Documents may be delivered as completely self–defining containers of information, with their declaration and DTD attached. However, in most cases, declarations and DTDs are held in central repositories and are only referred to as required to control authoring or formatting applications. Many DTDs may be defined using the same declaration, and many documents may be structured in conformance to the same DTD. In most applications, DTD are published as open standards. Many parties exchanging the same types of documents may use these standards, irrespective of the software applications used. Major uses of SGML are in the production of technical documentation and automated assembly of journals and business advisory services. CALS (Computer aided Acquisition and Lifecycle Support) initiatives promoted by defense logistics and acquisition organizations in many countries greatly encouraged the spread of SGML128.
SGML was designed to be processed on mainframes where the ASCII characters of the tags were manually typed. Consequently, SGML has a number of optional provisions to minimize typing tags in locations where a powerful computer system could infer they must occur. Tag minimization helped those who only had simple line editors create SGML texts. However, the complexity of the processing needed to infer the missing tags made parsing, editing and print formatting programs substantially more complicated than needed and was counterproductive for developing personal computer applications. Nevertheless, authoring software was developed to read SGML DTDs and understand the syntactical rules they described129. To help the author think structurally, most such systems provide a palette or logical tree view (GUI) of the types of elements allowed at any specified point in the document. To ensure conformance to the associated DTD, authoring applications also parse the document structure as the text is typed and marked up, or at least identify and flag illegal structures when the document is saved.

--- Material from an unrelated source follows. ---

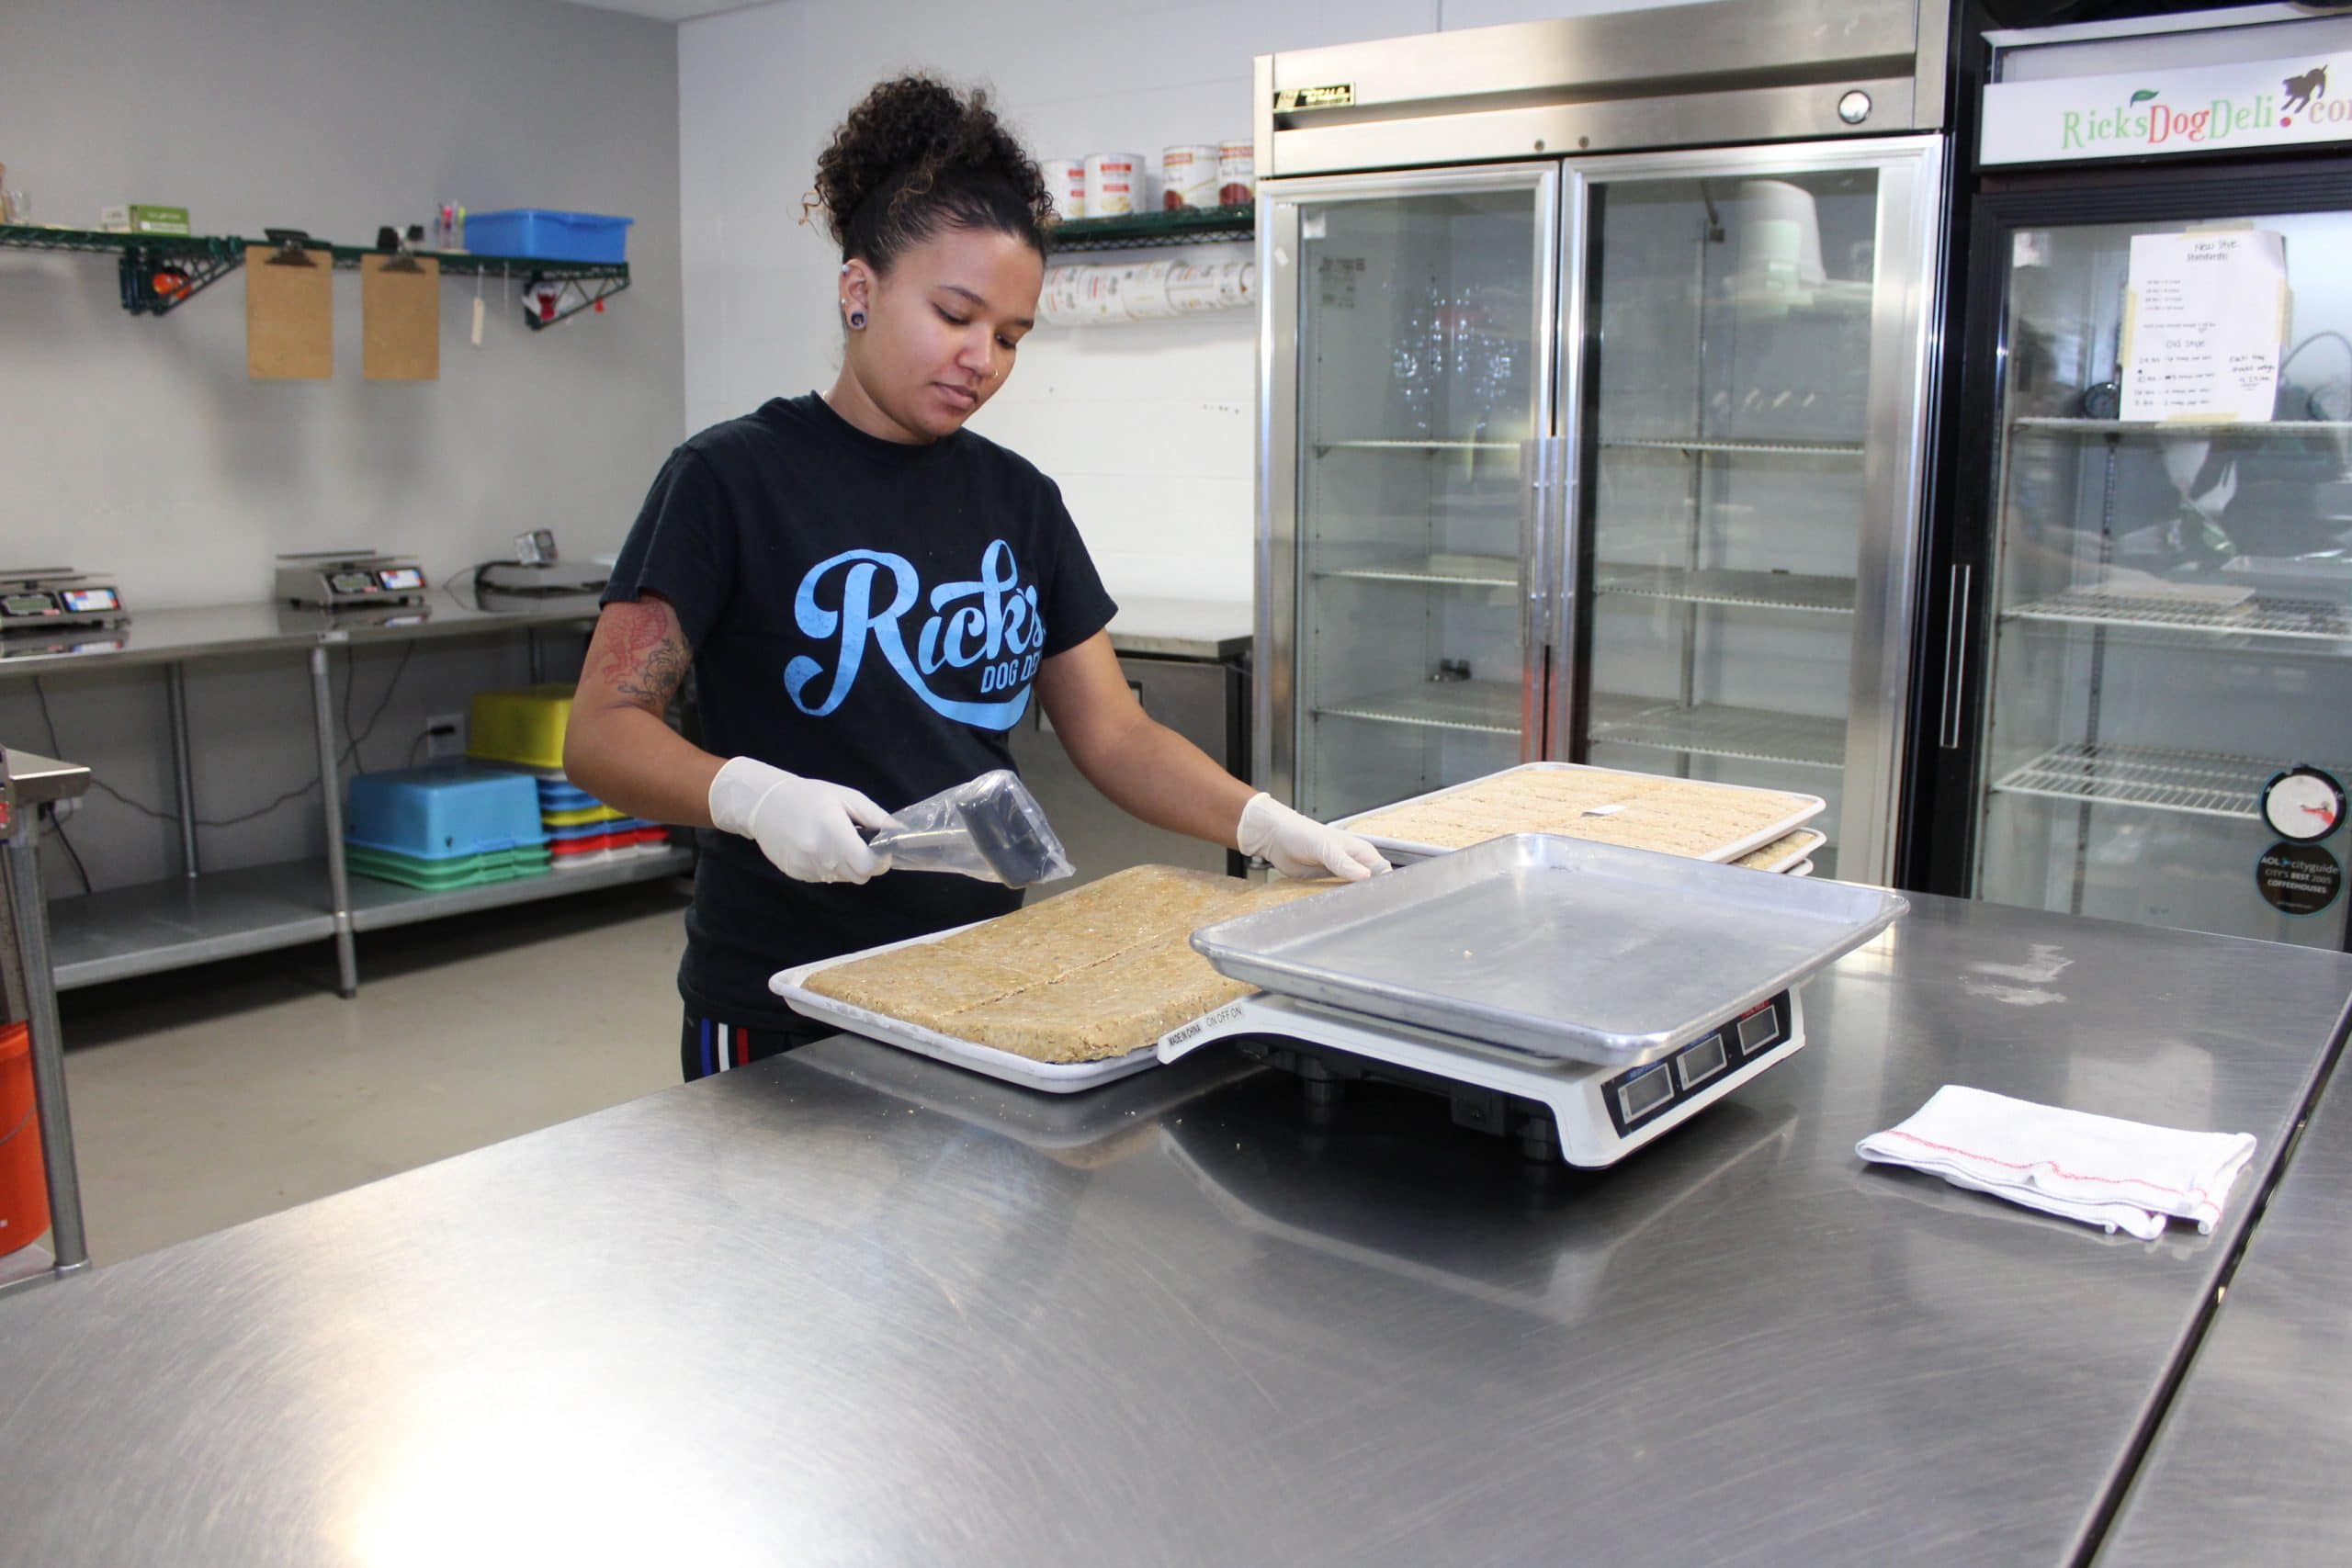 A Rick's Dog Deli employee making our fresh Orlando dog food in the kitchen.

Aside from SGML and GML (which is still used in some IBM 360/370 installations) there are two flavours of semantic markup language in common use today:
HTML is a tagging standard based on a single SGML DTD, first released to the world in 1993 (Sears, 1998). The DTD defines a standard format–oriented markup able to be understood by compliant Web browsers. However, HTML may be hand coded (i.e., using extensive tag minimisation) and many browsers do not enforce strict compliance to any version of the HTML DTD. Also the dominant browser developers (i.e., Netscape and Microsoft) have each introduced their own proprietary tagging options on top of the established standard. Consequently, much of the HTML formatted text on the Web today does not strictly comply with any DTD (Sears, 1998)130. Because of these factors, although HTML is one of the key factors that enabled the amazing growth of the World Wide Web as a universal information exchange medium between people131, HTML does not facilitate the computer aided processing or retrieval of semantic content.

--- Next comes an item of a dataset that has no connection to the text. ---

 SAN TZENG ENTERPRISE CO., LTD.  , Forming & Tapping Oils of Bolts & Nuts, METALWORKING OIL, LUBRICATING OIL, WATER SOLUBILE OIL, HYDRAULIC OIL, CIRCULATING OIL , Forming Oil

XML is a full featured version of SGML developed and optimised132 for use by personal computer applications and Web browsers. Compared to HTML, which serves primarily as a standard for formatting markup; XML is intended to tag content with semantic information for use on the Web and exchanges between different information systems. Like HTML, XML texts can be authored and delivered as "well–formed"133 documents to the Web without an associated DTD, along with separately constructed style sheets of various kinds to control the formatting. However, as with SGML, texts can be authored and distributed under full DTD control to ensure standardisation between communication partners134.

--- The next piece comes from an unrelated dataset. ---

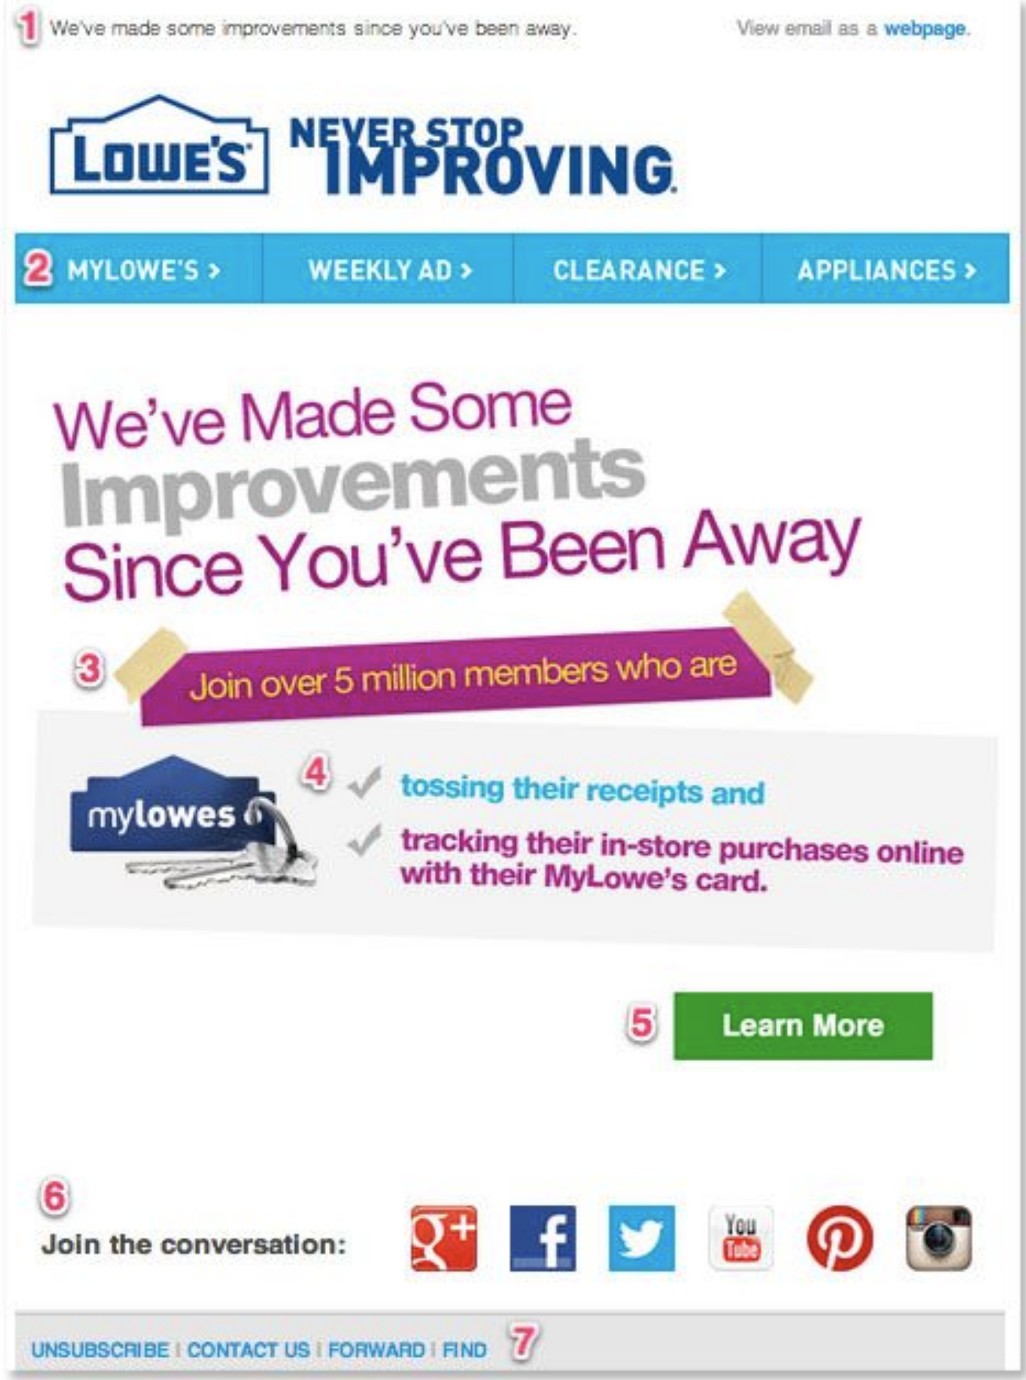 Example of reactivation email from Lowe's

All of these markup languages have been established as non–proprietary international standards for marking up content. The intent of all is to allow content to be readily exchanged between the whole range of applications (editors, viewers, output formatters, indexing systems, etc.) and between different applications of each type conforming to the standard. How HTML has added value to knowledge is explored in a later section, where the growth of the Web is considered.